The table below describes the columns in df_sneakers.

Column Name	Description
brand	Brand of the sneaker
product	Name of the sneaker
price	Price of the sneaker

▶️ Print out a summary of the df_sneakers using the info() method.

df_sneakers.info()

<class 'pandas.core.frame.DataFrame'>
RangeIndex: 15 entries, 0 to 14
Data columns (total 3 columns):
 #   Column   Non-Null Count  Dtype 
---  ------   --------------  ----- 
 0   brand    15 non-null     object
 1   product  15 non-null     object
 2   price    15 non-null     int64 
dtypes: int64(1), object(2)
memory usage: 492.0+ bytes

The .shape attribute returns a tuple representing the dimensionality of the DataFrame. The first element is the number of rows, and the second element is the number of columns.

▶️ Use df_sneakers.shape to see the shape of the DataFrame.

df_sneakers.shape

(15, 3)

We can retrieve the number of rows and columns separately by indexing into the tuple returned by the .shape attribute.

num_rows = df_sneakers.shape[0]
num_cols = df_sneakers.shape[1]

print(f"Number of rows: {num_rows}")
print(f"Number of columns: {num_cols}")

Number of rows: 15
Number of columns: 3

Alternatively, you can unpack the tuple returned by .shape into two separate variables.
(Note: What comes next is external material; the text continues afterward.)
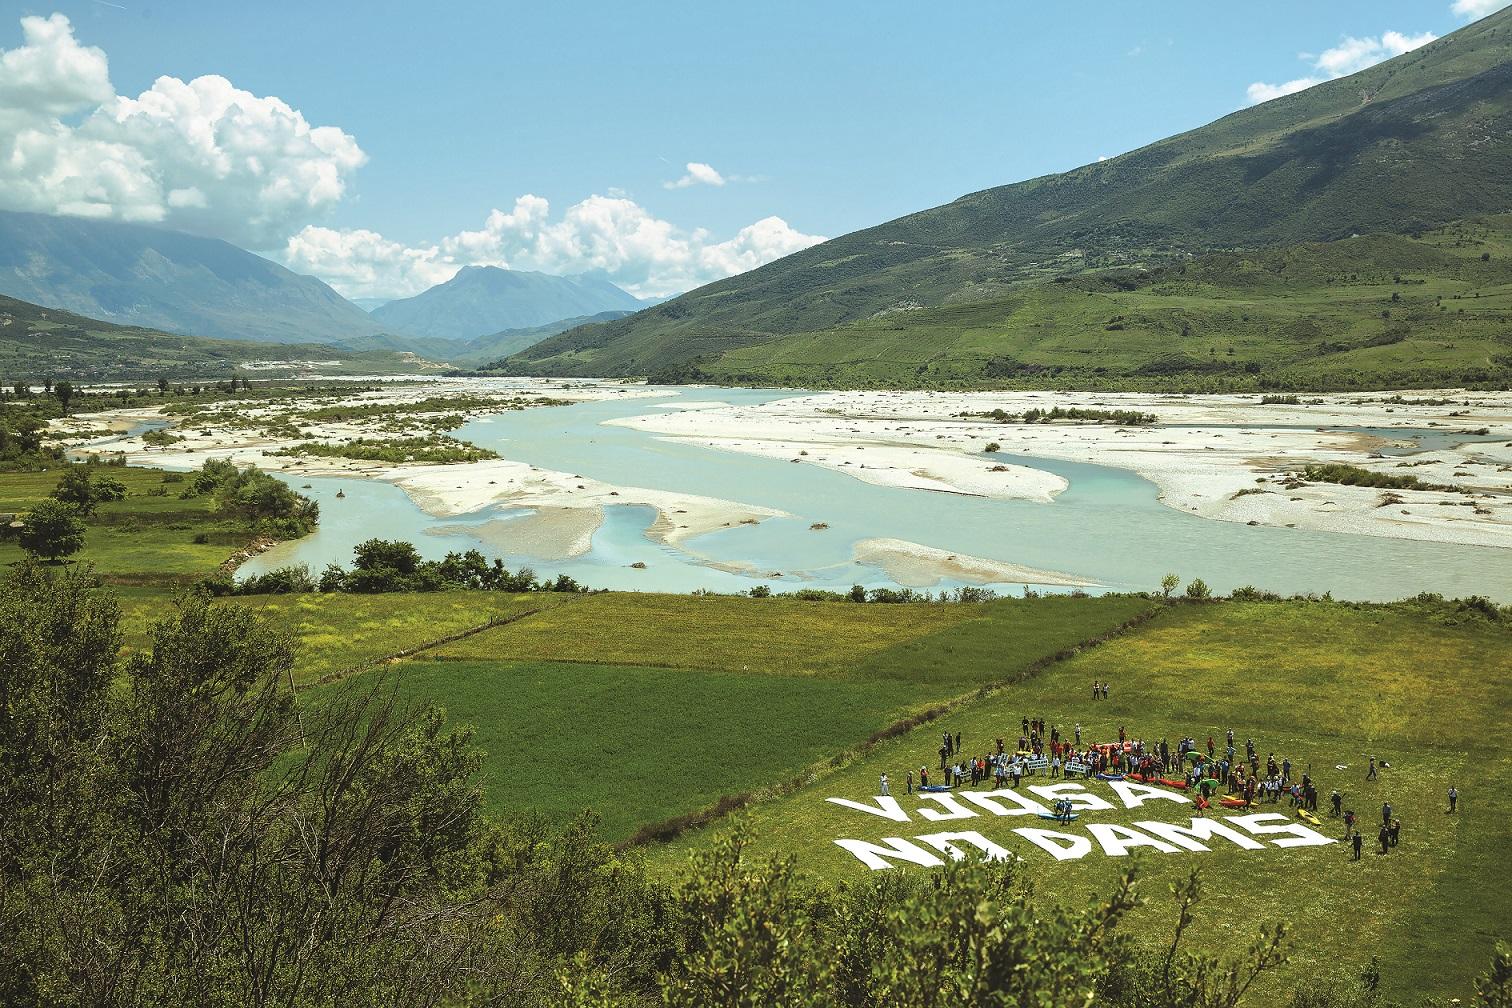 Die Vjosa in Albanien ist der letzte große Wildfluss Europas außerhalb Russlands. 38 Wasserkraftprojekte sind an der Vjosa und ihren Zuflüssen geplant. © Andrew Burr
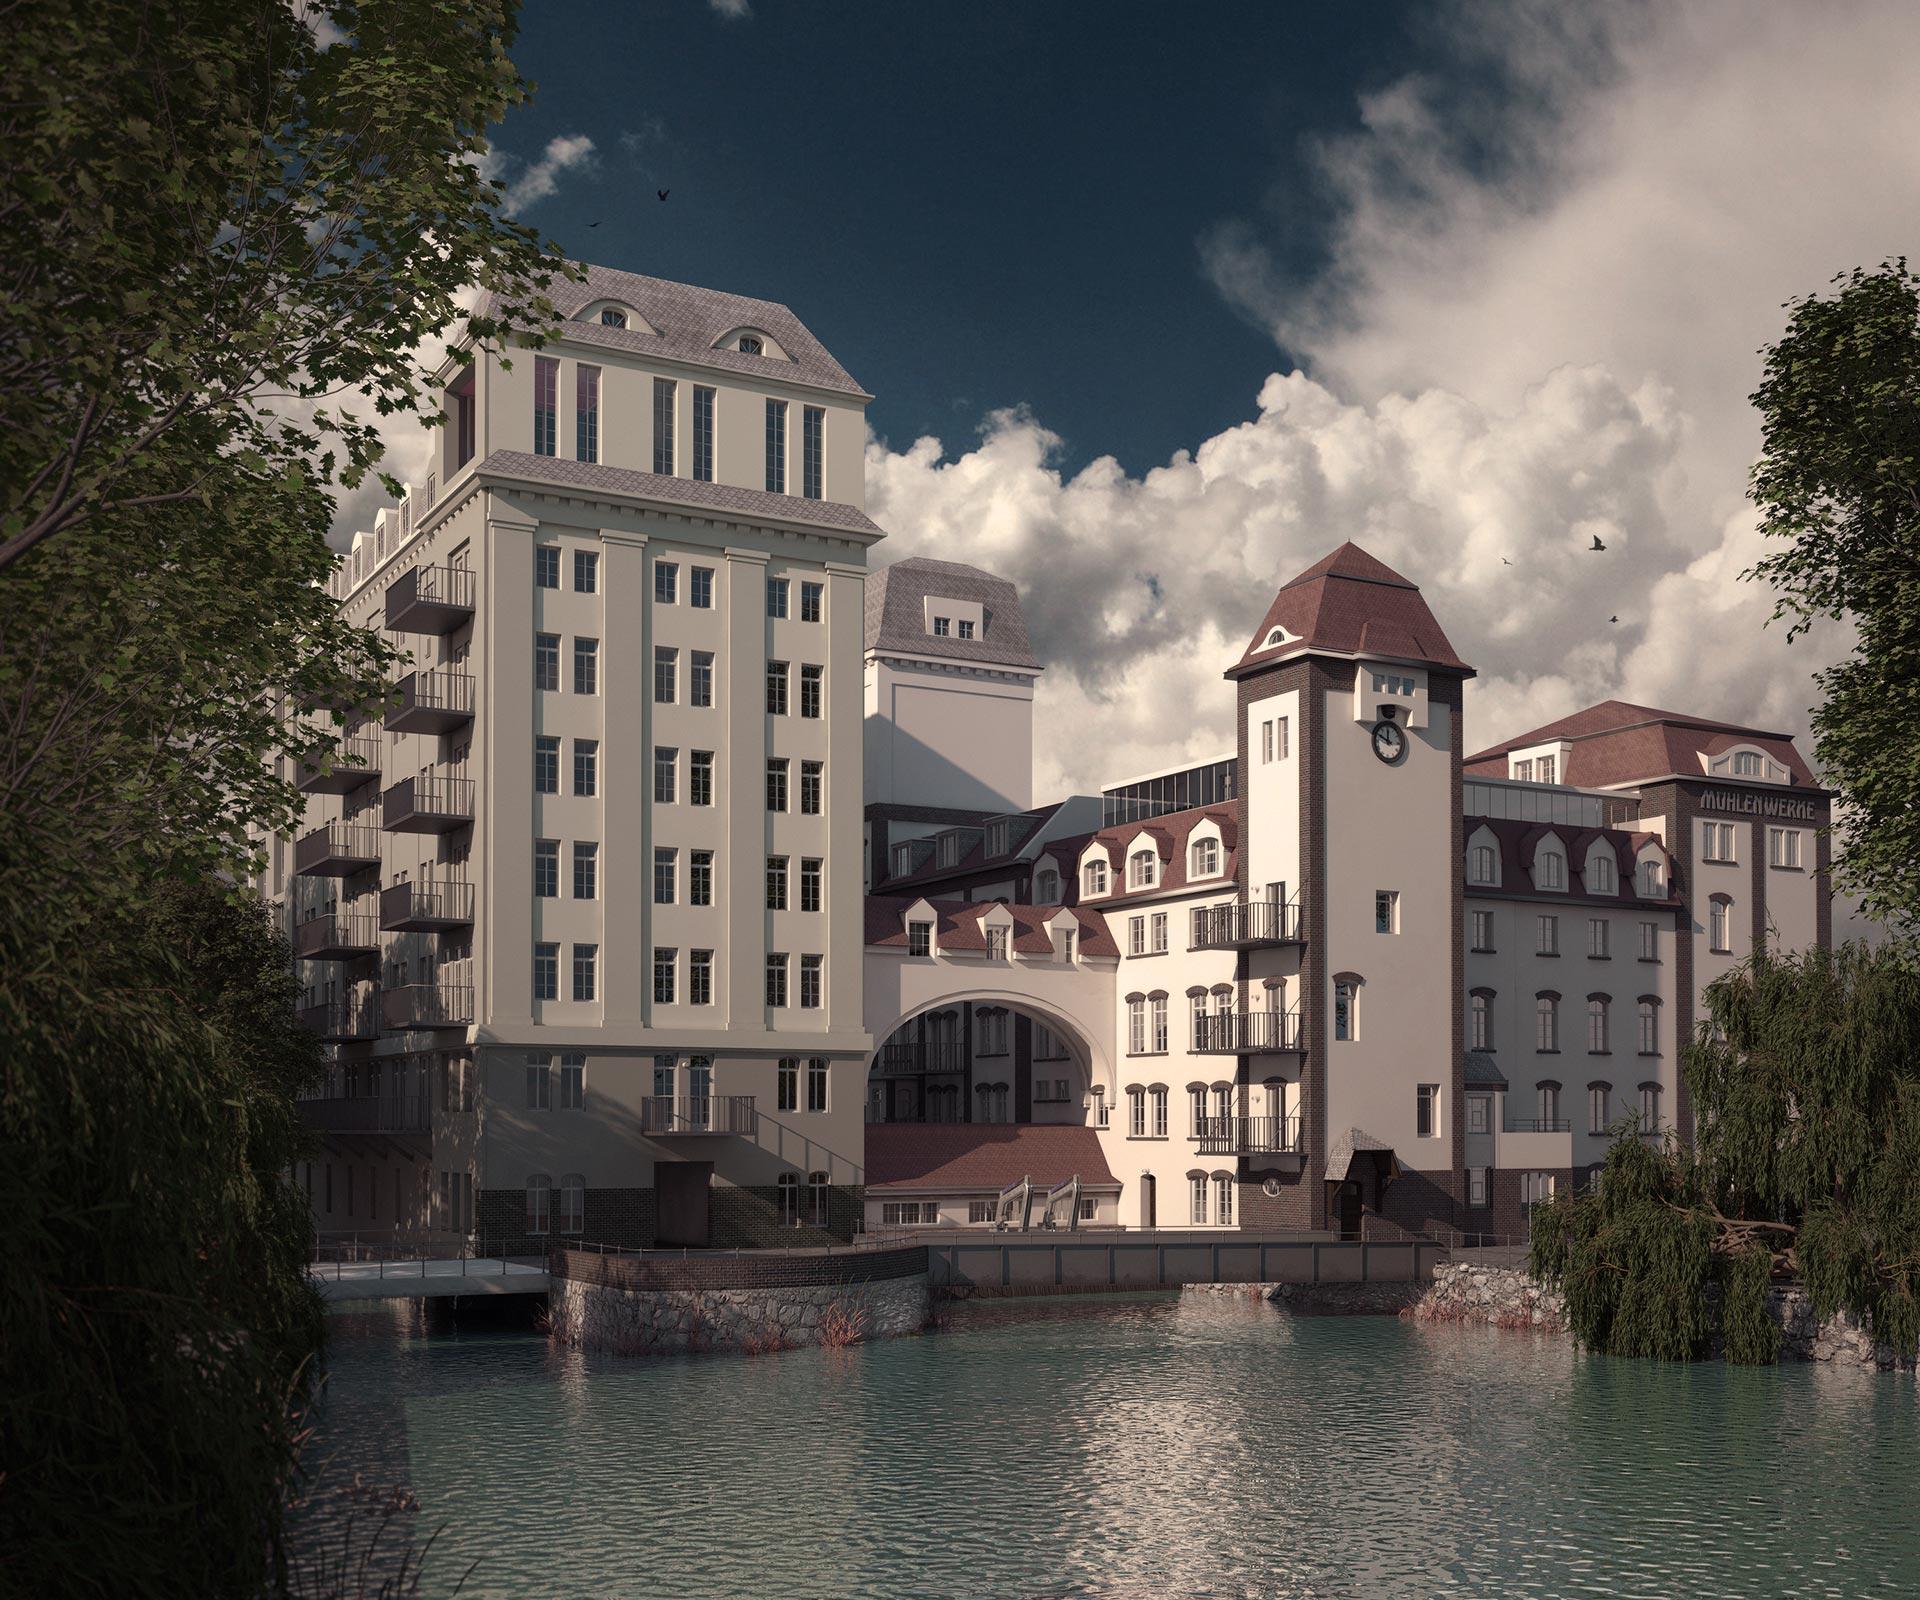 M hlenwerke eilmann architekt for Architekt leipzig

This is called tuple unpacking or destructuring assignment.

num_rows, num_cols = df_sneakers.shape

print(f"Number of rows: {num_rows}")
print(f"Number of columns: {num_cols}")

Number of rows: 15
Number of columns: 3

🎯 Example: Find "Adidas" sneakers

df_adidas = df_sneakers[df_sneakers["brand"] == "Adidas"]

df_adidas

🎯 Example: Find Sneakers under \$1,000

df_under_1000 = df_sneakers[df_sneakers["price"] < 1000]

df_under_1000

🎯 Example: Find "Nike" Sneakers over \$3,000

df_nike_over_3000 = df_sneakers[
    (df_sneakers["brand"] == "Nike") & (df_sneakers["price"] > 3000)
]

df_nike_over_3000

Why the parentheses?

In the code above, we used parentheses to group the conditions inside the query method:

df_sneakers[
    (df_sneakers["brand"] == "Nike") & (df_sneakers["price"] > 3000)
]

The parentheses are used to group the conditions in the query method. This ensures that the filtering is applied correctly, first checking for the brand and then for the price.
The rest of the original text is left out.